Annie Dixon (c. 1817 - 1901) was a 19th-century English miniature portrait painter. From 1859, she was commissioned for numerous royal portraits by Queen Victoria.

== Biography ==

Dixon was the eldest daughter of seven children (two sons, five daughters) born to a corn chandler in Horncastle, Lincolnshire. She began working with water-colour by the mid-19th century, and completed portraits in Horncastle. She was instructed by Magdalene Dalton (née Ross), sister of portrait painter William Charles Ross. Despite this instruction, Dixon did not spend much time studying art, copying pictures, or pursuing further education.
Dixon worked in Hull, on the Isle of Wight, and in London until the end of the 19th century. From 1844 to 1893, Dixon displayed 222 portraits at the Royal Academy. In 1859, Dixon received her first Royal commission from Queen Victoria, to paint a miniature of Princess Blanche d'Orléans (1857-1932) at Claremont.

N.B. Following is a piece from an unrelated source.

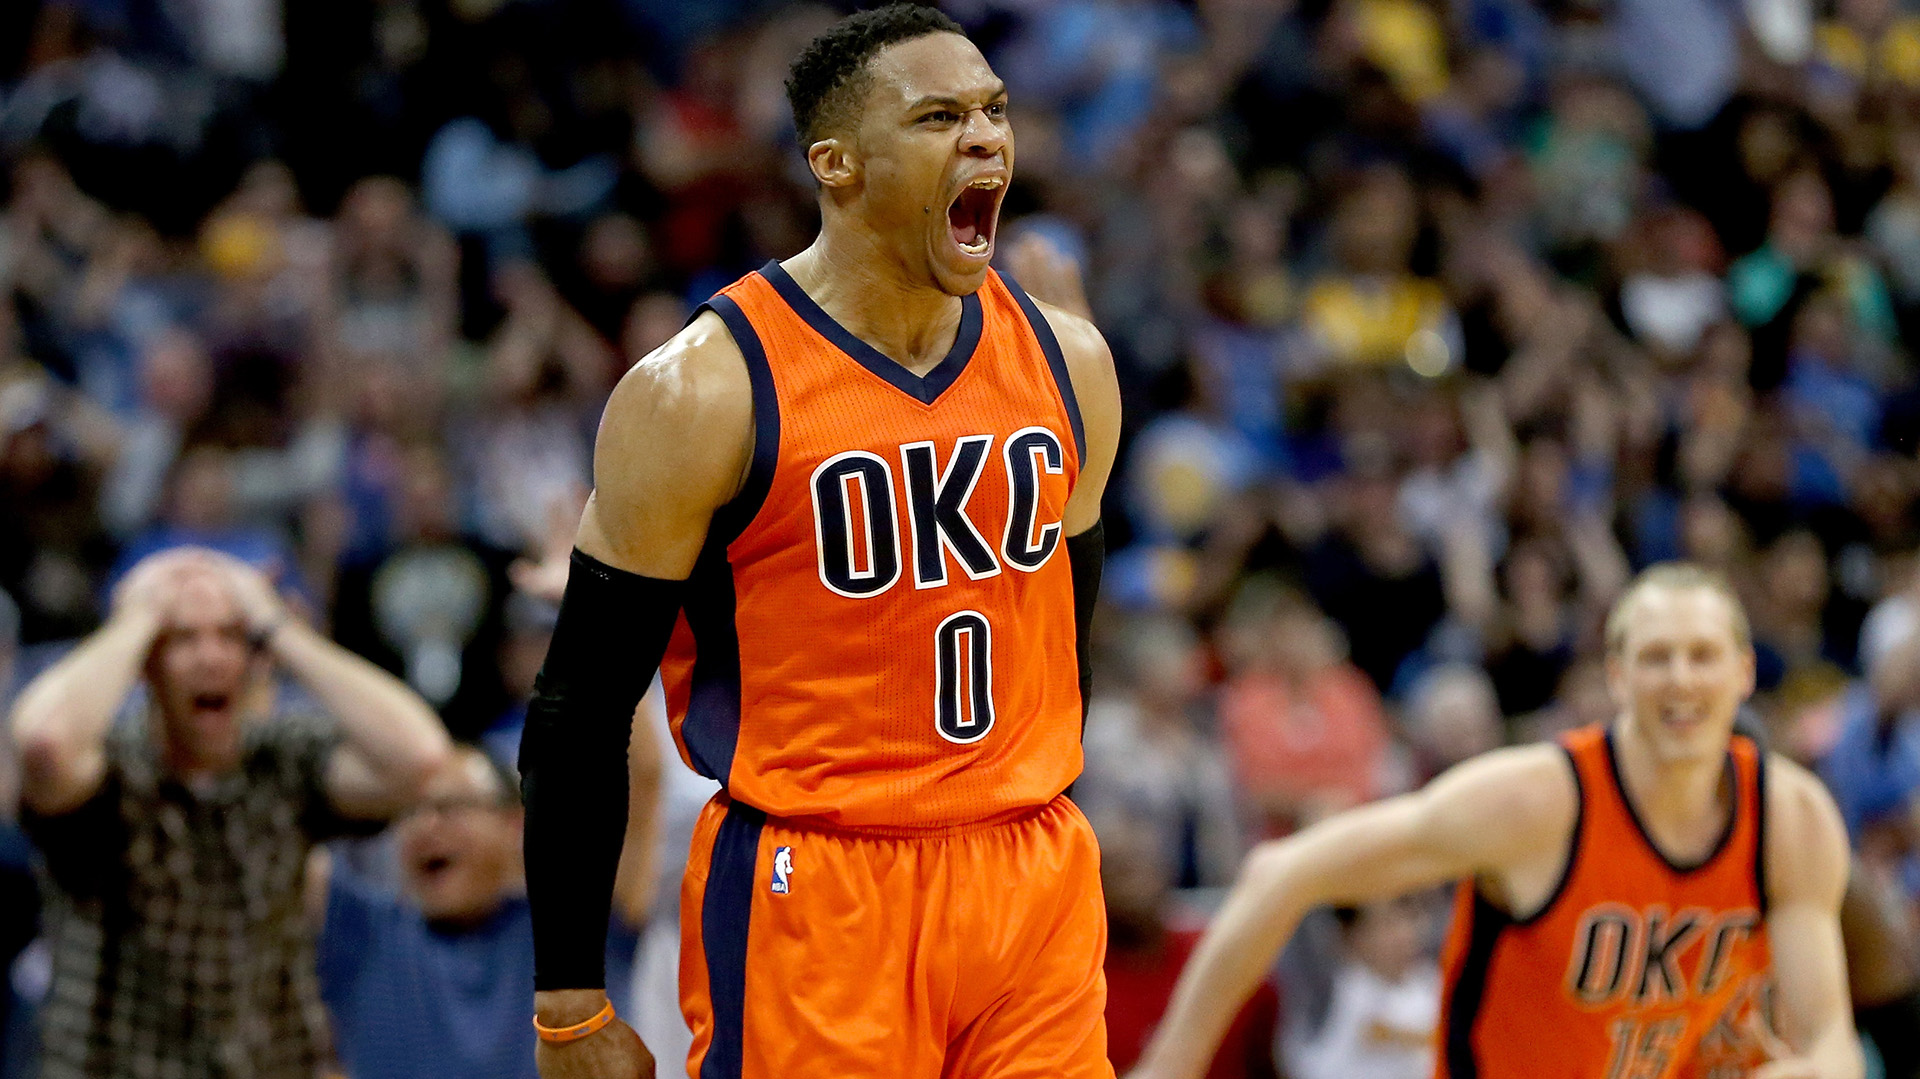 Russel Westbrook, MVP de la última temporada, ha firmado el contrato más grande de la historia de la NBA (Getty Images)

A number of her portraits remain in the Royal Collection. The royal favour she received from Queen Victoria allowed Dixon to earn further commissions from nobility.

Her works are noted for having characteristics of using warm flesh tones (especially in the forehead) and yellow in the sky. Dixon occasionally used gilded backgrounds in her work. Her skill at capturing likenesses meant that she had a successful career during a time when many portraitists were facing competition from the advent of photography.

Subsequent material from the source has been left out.